Rare earths prices have doubled, and doubled again over the last 18 months, says a pleased GWMG vice-president of operations, Richard Hogan.

GWMG is a major consumer of rare earth compounds in its US and UK factories that produce magnetic alloys and battery alloys. What it boils down to is that GWMG owns two companies – one which develops magnets, and one which develops batteries. Securing supply from Steenkampskraal is vital in securing the company’s future.

In August, GWMG signed an offtake agreement with Rareco, covering all the rare-earth metals to be produced from the mine, which would be settled at market prices.

The deal is conditional on GWMG either completing a feasibility study for the mine by the end of 2011, followed by financing for the project outlined in the study two months later, or on providing certain financing outlined in the agreement before the end of 2010, thereby fast-tracking the development process.

Hogan says there are ongoing talks with regard to GWMG possibly buying the Steenkampskraal mine.

He believes developing Steenkampskraal is important as it creates an alternative source of rare earths for the world, with China “requiring its production more and more for itself, thereby shutting down supply to the outside world that depends on rare earths”.

“We are determined that Rareco and GWMG will become the first producer of heavy rare earths outside China,” says Hogan.

Why Steenkampskraal Could Be First

Hogan describes developing Steenkampskraal as a “big opportunity”, as it is the highest grade known rare earth deposit in the world.

He says: “We can produce a large amount of rare earth material by processing small amounts of material compared with the rest of the world.

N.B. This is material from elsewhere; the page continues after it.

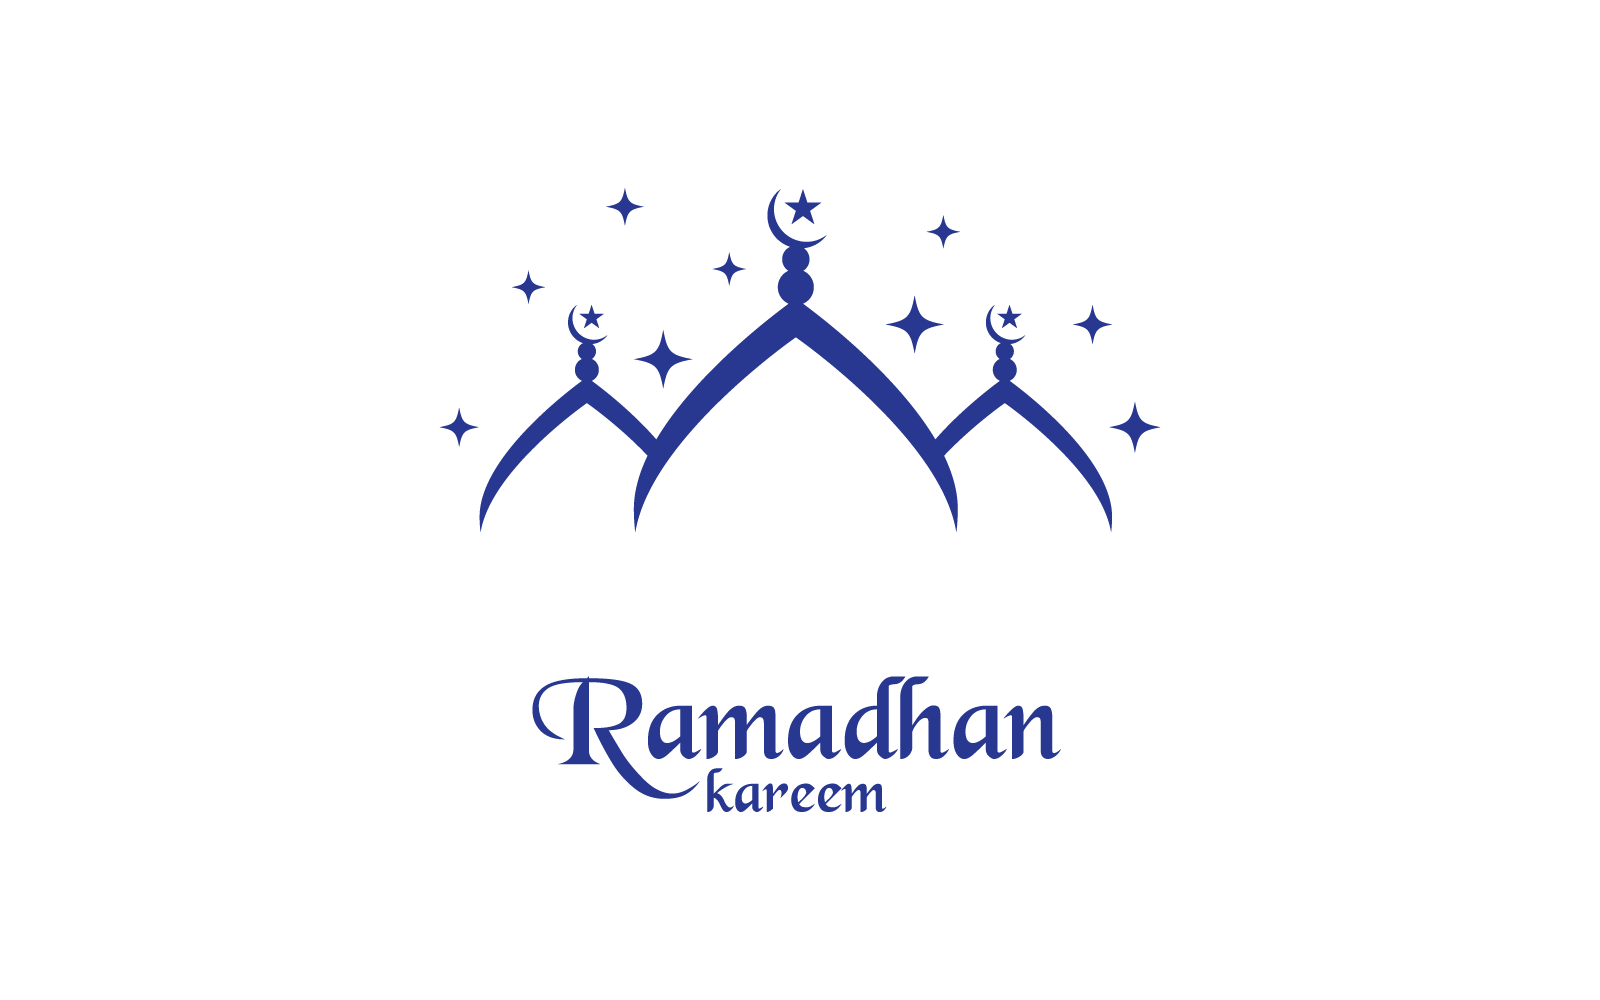 Islamic logo, Mosque,ramadhan kareem vector flat design

What we consider waste is considered the cutoff grade at other operations.”

Hogan says there are many known deposits of rare earths in the world, belying the name ‘rare’ earths, but adds but that the “vast majority” are populated with metals which do not allow for efficient extraction.

Also, most deposits do not have the heavy rare earths currently in demand, but rather the light rare earths.

The Mountain Pass operation does not, for example, have significant deposits of heavy rare earths that are used in the magnets that power hybrid electric vehicles, for example.

Steenkampskraal contains heavy rare earths.

In essence, it is a monazite mine. Monazite is a reddish-brown phosphate mineral containing rare earth metals, and is an important source of lanthanum and cerium.

It also has thorium, which can be used as an alternative to uranium as a nuclear fuel.

Rareco chairperson Trevor Blench says that the thorium can become an additional asset to the mine as it develops in stature as a nuclear fuel.

“We plan to extract the thorium and secure it on site while we wait for the market to develop.”

This is exactly why Rareco executive director Berry van Biljon believes mining Steenkampskraal will provide another service to the community – apart from the 150 to 200 jobs it can create in a economically depressed area – as it will remove the radioactive thorium material from the ground as the slimes dams and mine dumps are also to be remined.

Blench also emphasises the importance of the lanthanum to be mined at Steenkampskraal.

“Lanthanum is a vital catalyst in oil refineries. Oil refineries produce jet fuel, and China almost has a monopoly on lanthanum. This means China can close down the whole US air force, navy and so forth, within months, for example.”

“You can’t have a cat scan without a rare earth magnet,” adds Hogan. “Our lifestyle is very fragile.”

Development Timetable

The plan is for Steenkampskraal to be commissioned in late 2012, says Hogan.

“This is a very [hectic] schedule.”

He believes the bankable feasibility study for the project can be delivered in November next year, and then used to possibly fund mine rehabilitation and construction.

South Africa’s Department of Mineral Resources has already granted the project neworder mining rights.

Following the start of mining, Hogan says GWMG aims to beneficiate the ore mined at Steenkampskraal.

The first step would be to create monazite concentrate, followed by the production of mixed rare earth products, with this mixed compound then split into each rare earth.

“Each step adds further value, creating more jobs,” explains Louw.

Hogan says one of the biggest advantages Steenkampskraal can deliver – apart from being a previously mined deposit, which erases many unknowns – is that its high grade equates to a low-cost development.

“Mining and two stages of beneficiation could cost between $30-million and $50-million,” says Blench.

Production could reach between 2 500 t and 2 700 t of rare earth oxides a year, which would be 2% of the global market, he adds. There are around ten years of known reserves in the ground.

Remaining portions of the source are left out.